To host the FIFA World Cup, which takes place every four years, countries enter into a bidding war against each other in a harsh competition, after which the host country is decided by the federation. Each World Cup attracts a large audience, domestic and foreign. This puts huge pressure on the country’s infrastructure.
However, it also attracts investors, facilitating financial development. The World Cup also acts as a catalyst to attract more tourism to the host country. The FIFA World Cup elevates the global economy by creating jobs, generating billions in total economic activity, and strengthens economic development opportunities by generating tax revenues for local communities, not only in the host country but across the countries where the sport is most celebrated.
A few facts on how FIFA affects the global economy are:
- More than half the population of the globe either tunes in or travels to the host country to watch the FIFA World Cup.
- Figures indicate that the FIFA World Cup of 2002 generated a revenue of USD 9 billion for Japan and South Korea, USD 12 billion for Germany in 2006 and USD 5 billion for South Africa in 2010.

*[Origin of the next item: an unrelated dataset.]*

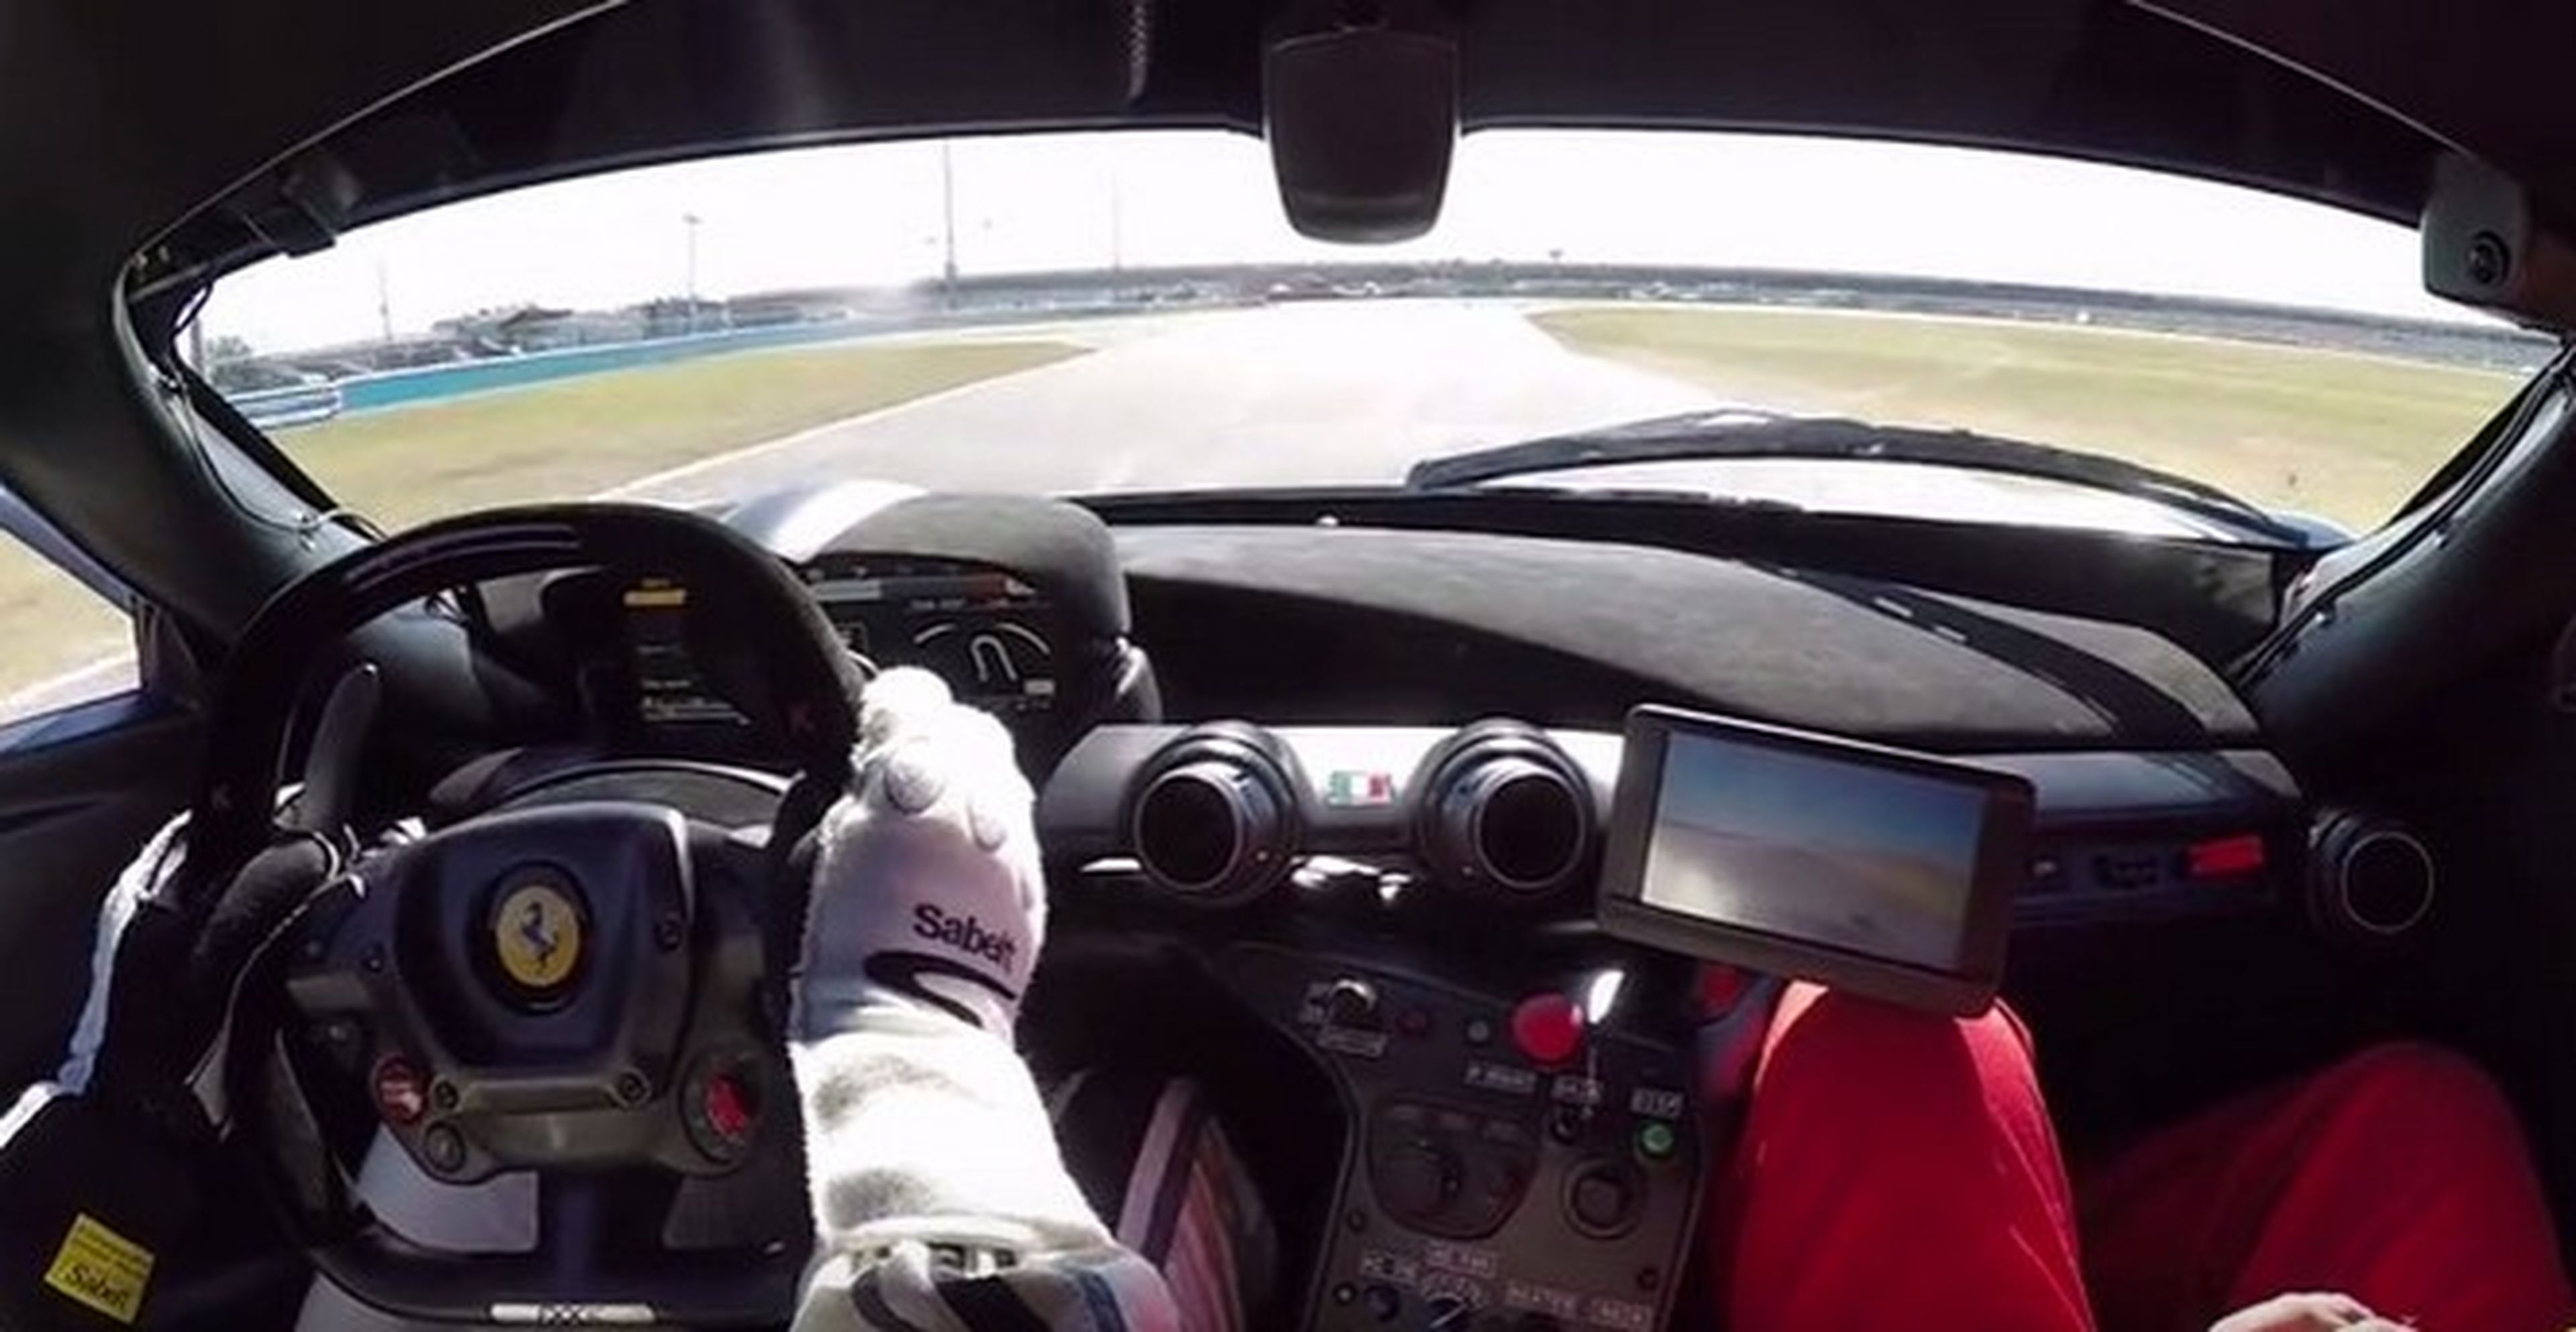 Vídeo: Así suena un Ferrari FXX K a 300 km/h

- 222,000 jobs in Russia were created and supported by the FIFA World Cup.
However, wherever there are advantages, there are also disadvantages. There are ways in which FIFA also negatively impacts the local economy of the country hosting the World Cup.
- Alternate expenses are not considered as the money which people would have otherwise spent on other activities like holidays, dinners and movies are diverted towards football.
- FIFA has a whole host of conditions for the country hosting the World Cup, like state of the art stadiums, hotel accommodations for the players, etc., which are borne by the government and can run into large sums. This puts stress on the country’s economy.
- A large part of the earnings from hosting the World Cup is taken by FIFA. The host country rarely gets any part of the profit. This results in the host country bearing the expenses while FIFA gets the profits.
- Economists argue that the boost to tourism is only temporary, which falls back to previous levels once the World Cup event is over. This does not significantly affect the tourism industry.
- The biggest loss to the host government is the tax it might have earned on FIFA’s earnings. However, whatever FIFA earns is tax-free and the government loses significant earnings.
According to a report, many economists have questioned FIFA’s practice of bidding for selecting the host country for the FIFA World Cup. They have not been able to find any conclusive benefits of hosting the event.
As long as there is a craze associated with Football and the World Cup, FIFA will continue to exert its power over countries who are willing to host the World Cup event. Although FIFA receives many complaints over its bidding process or the resultant corruption, the sport itself enjoys a large fan base across the globe. FIFA is working towards making its bidding process more transparent and significantly reducing corruption. They are also working towards improving sponsorship levels as well as continuing to work for the betterment of the game.
How FIFA makes money?
Around 95% of FIFA's revenue comes from:
- Selling Television Rights
- Marketing Rights
- Hospitality and Ticket Rights
- Licensing Rights
Is hosting FIFA profitable?
The major source of profit in the FIFA World Cup comes from selling tickets and television rights. However, the profit generated here is taken by FIFA and the host country does not get a part in it.
What does FIFA do with their money?
FIFA runs and generates profits in a four-year cycle. FIFA spends most of its money on the development of football all around the world.
In which country FIFA 2022 will be held?
The 2022 FIFA World Cup is scheduled from 20th November 2022 to 18th December 2022 in Qatar.